I personally think time spent on a website is a silly metric, and will continue to hold that opinion until someone can make the case that staring at an advertisement for longer period of time actually encourages a person to finally click on it, rather than tune it out completely. (This works well for branding, but for little else.)
There's a lot of nuance that can be brought into this discussion, and this is where the good advertisers and marketers earn their keep. Assuming that either page views or time spent on a site are sufficient to make a solid judgement of the value of a given website is, uh, a little short on nuance.
Crumb's Corollary: Never bring a knife to a bun fight.
More likely Google doesn't give a shit whether or not some Web 2.0 metric gives it a pat on the shoulder or not. Google:
1. Makes its money out of serving ads, not out of being the site where you spend an hour on the same page. If you came, searched and looked at their ads, that's it.
2. Google's secret sauce is the brand name and search algorithm, not its Nielsen rating. People go to Google because they have something to search, and gets new users by word of mouth and by the deals it has with the likes of Mozilla to make their site the default home page. It's not like users start with Nielsen's Top X page and find out about Google there.
In other words, it seems... surrealistic to read the title and summary that Nielsen's ratings will hurt Google. Google doesn't get any income or users out of what rating it has, so the amount of "hurt" will be anywhere between insignificant and none whatsoever.
3. It seems to me like a flawed rating anyway, _especially_ coming from a usability expert. Google's search is a tool. Being able to just do what you needed done, quickly and with a minimum of useless fluff, is what a lot of us would call a good tool.
And the need for such tools won't go away just because some other sites work in a different way. Just because Ebay existed (as an example of a site where users spend a lot of time in a row), didn't make Google obsolete before, so why would it now?
4. Why the heck does it even matter, other than techno-fetishism, in Google's case, whether it's page refreshes or some AJAX kind of thing that fetches the results in the same page? No, seriously. Each search produces a different list, so essentially it _is_ a different "document". The browser is already perfectly able to display a new document. Why would anyone sane want to try to, basically, reinvent the page refresh in Javascript instead of using the browser's existing mechanism? No, seriously.

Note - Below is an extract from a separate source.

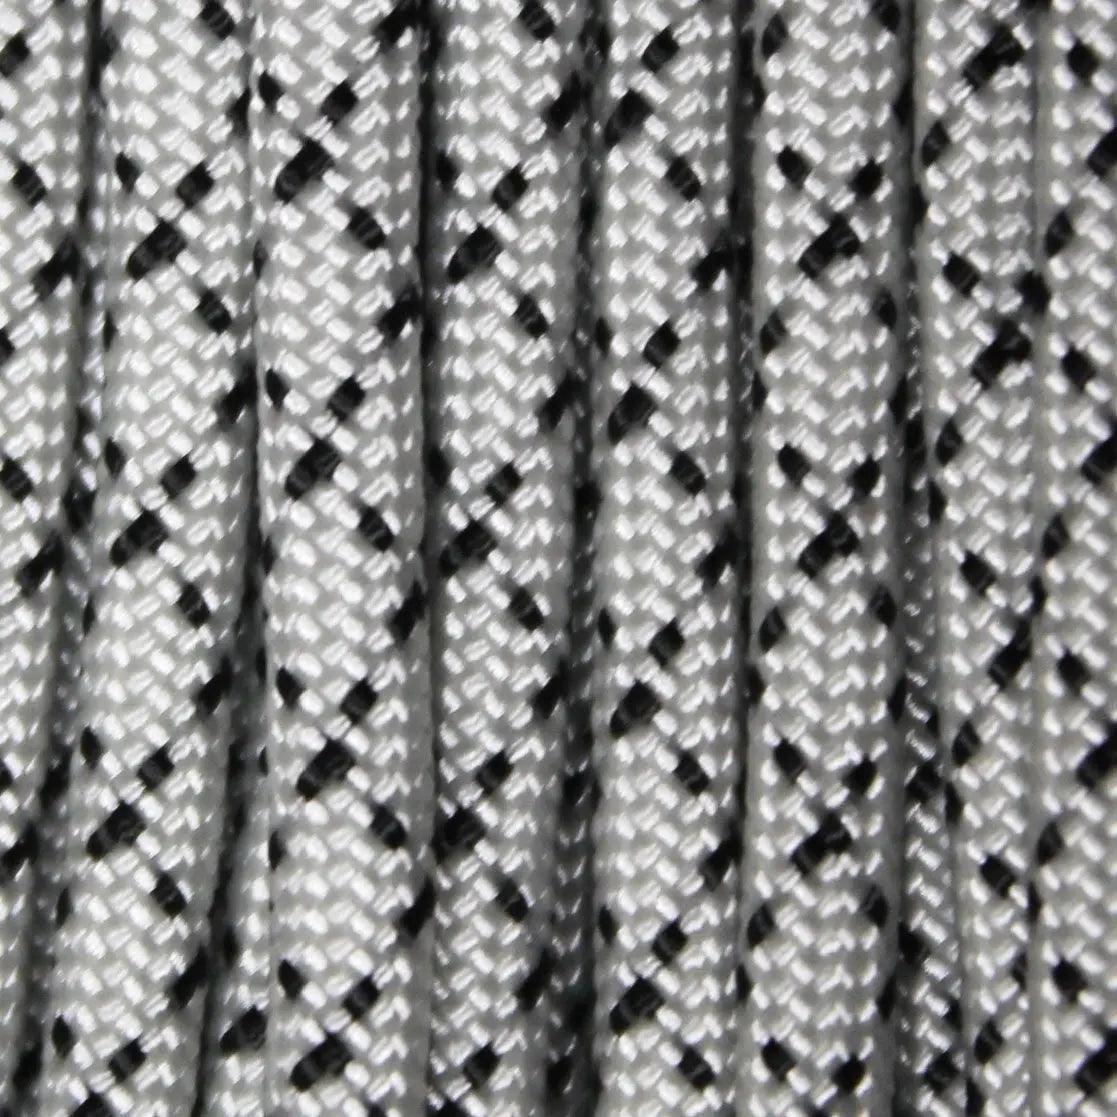 550 Paracord Starry Night-Silver with Black Made in the USA Nylon/Nylon (100 FT.) - Paracord Galaxy

AJAX and the like make sense when you can actually have most of the data and the processing client-side, and you can actually offer some purely client-side functionality. In Google's case that's not even possible. You can't transfer the whole search database to the browser as XML and let the user tinker with the search expression locally, in the same document. So it's going to involve a round trip to the server and displaying a new result list anyway. So why not just let the browser display the new page?

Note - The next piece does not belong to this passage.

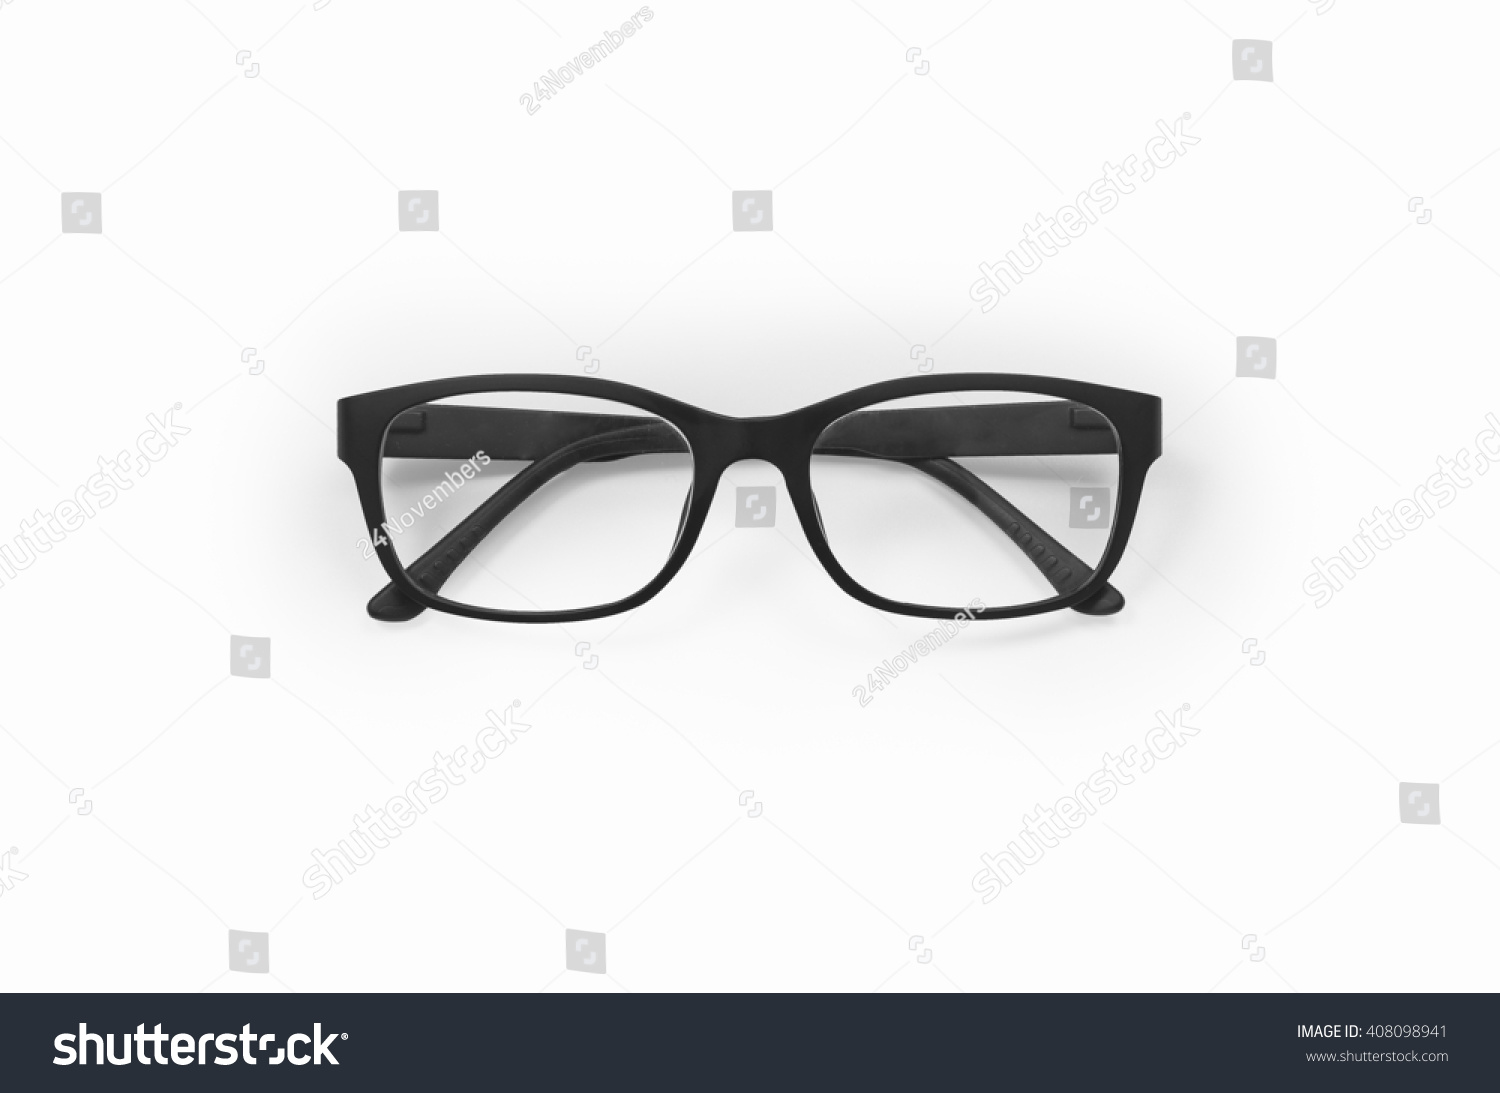 Glasses isolated on white with clipping path. #408098941

Nielsen is generally a smart guy, but maybe there is no One True Metric to bring them all and in the darkness bind them. For some things it is a usability advantage to do more client side and not refresh the page, while for other things it makes no sense whatsoever. The focus should be on how well and intuitively is the user served by the site, not on promoting one arbitrary metric like time spent, taken out of context, for everything.
A polar bear is a cartesian bear after a coordinate transform.
Exactly. Maybe the fact that a perfectly usable and popular tool scores badly on their new metrics, _and_ there's no imaginable gain whatsoever if it changed itself needlessly to fit the new metric, should only tell them that their new metric needs some more work.
A polar bear is a cartesian bear after a coordinate transform.